1What I Owned
As co-founder and lead engineer, I had end-to-end ownership of everything technical—from the initial idea through MVP and beyond.
- End-to-end product development — Took ideas from napkin sketches to production systems, iterating based on real user behavior
- Backend architecture, APIs, and database design — Built the data layer that powered content management, user engagement, and analytics
- Frontend experiences and user flows — Designed and implemented the interfaces that served millions of readers
- Infrastructure decisions and deployment strategy — Made the calls on hosting, scaling, and operational reliability
2What This Proves
Building a company from scratch teaches lessons you can't learn any other way:
- Designing systems before requirements are clear — When you're building something new, you don't have the luxury of perfect specs. I learned to make architectural decisions with incomplete information and design for flexibility.

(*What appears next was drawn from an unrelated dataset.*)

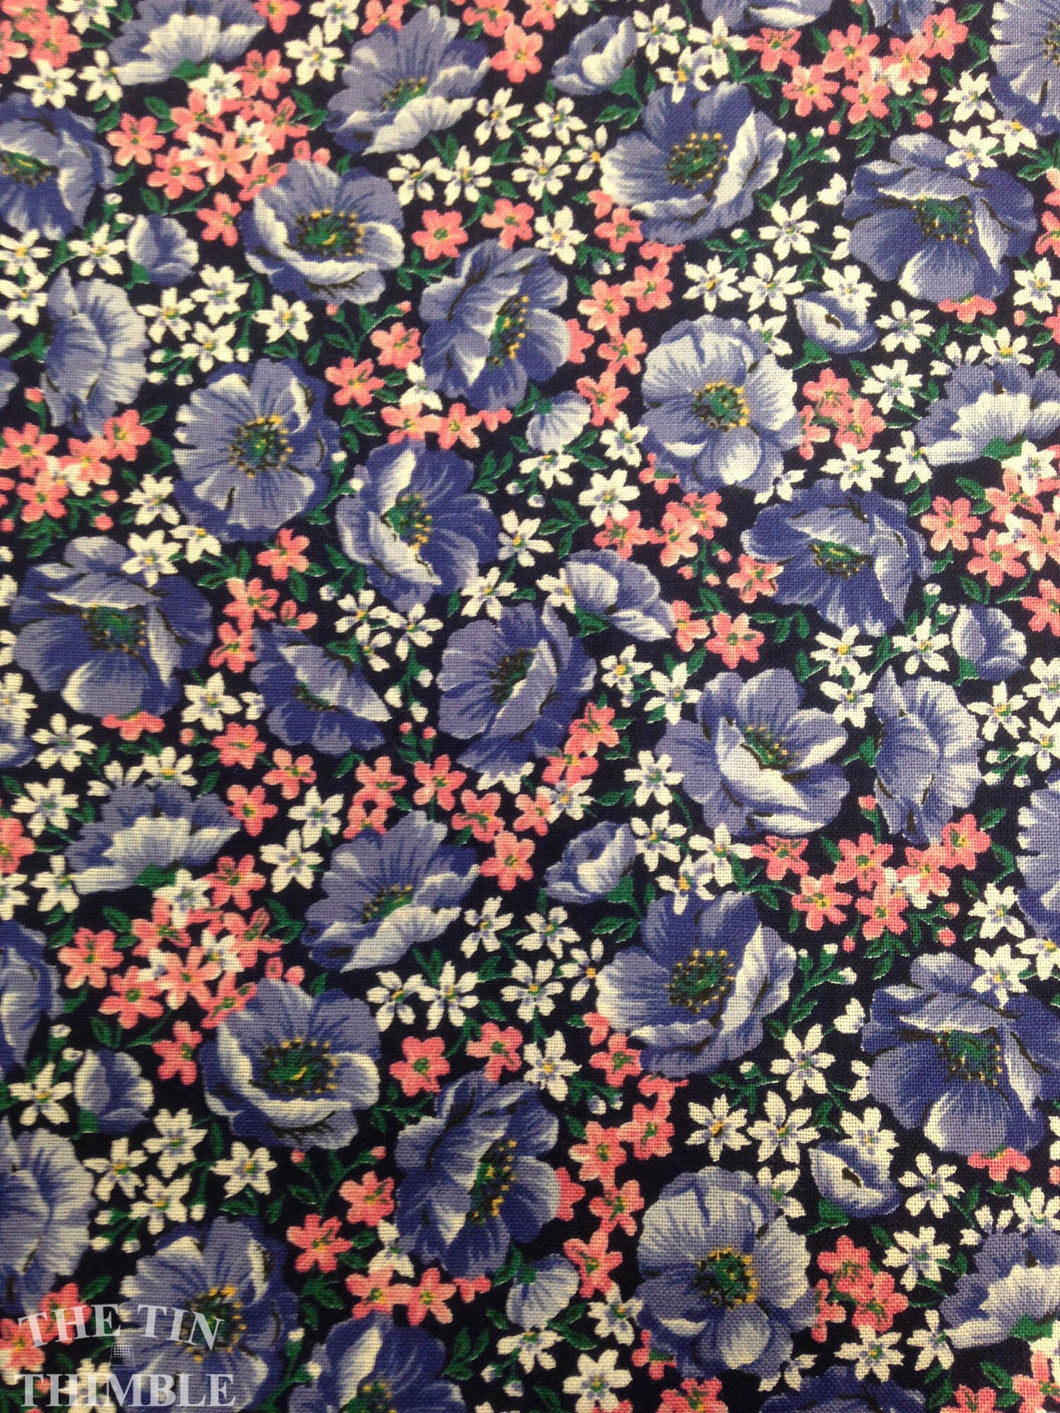 Purple Floral Quilting Fabric by Cranston Print Works - 3/4 Yard / Cotton / Cotton Floral / White Flowers / Purple White

- Iterating based on user feedback, not theory — Real users taught me more than any product framework. I learned to ship fast, measure what mattered, and change course quickly.
- Understanding tradeoffs between "doing it right" and "doing it now" — Sometimes you need to ship imperfect code. Sometimes you need to stop and refactor. Knowing which is which is a skill you only develop by living with the consequences.
3The Technical Stack
Building a media platform at scale meant solving real problems with real constraints:
- CMS applications — Custom content management systems built for editorial workflows across 35 local publications
- Marketing automation tools — Systems for email campaigns, social media scheduling, and audience engagement
- Data processing pipelines — Analytics and reporting infrastructure to understand what content resonated and why
- Scaling for growth — Architecture that handled traffic spikes, viral content, and the demands of a growing audience
4The Consulting Signal
What sets this experience apart from typical engineering roles:
"I don't just advise—I've lived the consequences of technical decisions."
When I recommend an architecture, I know what happens six months later when requirements change. When I suggest shipping faster, I understand the technical debt you're taking on. When I push back on scope, it's because I've seen projects fail from overreach.
The difference: My advice comes from building and running systems—not from reading about them.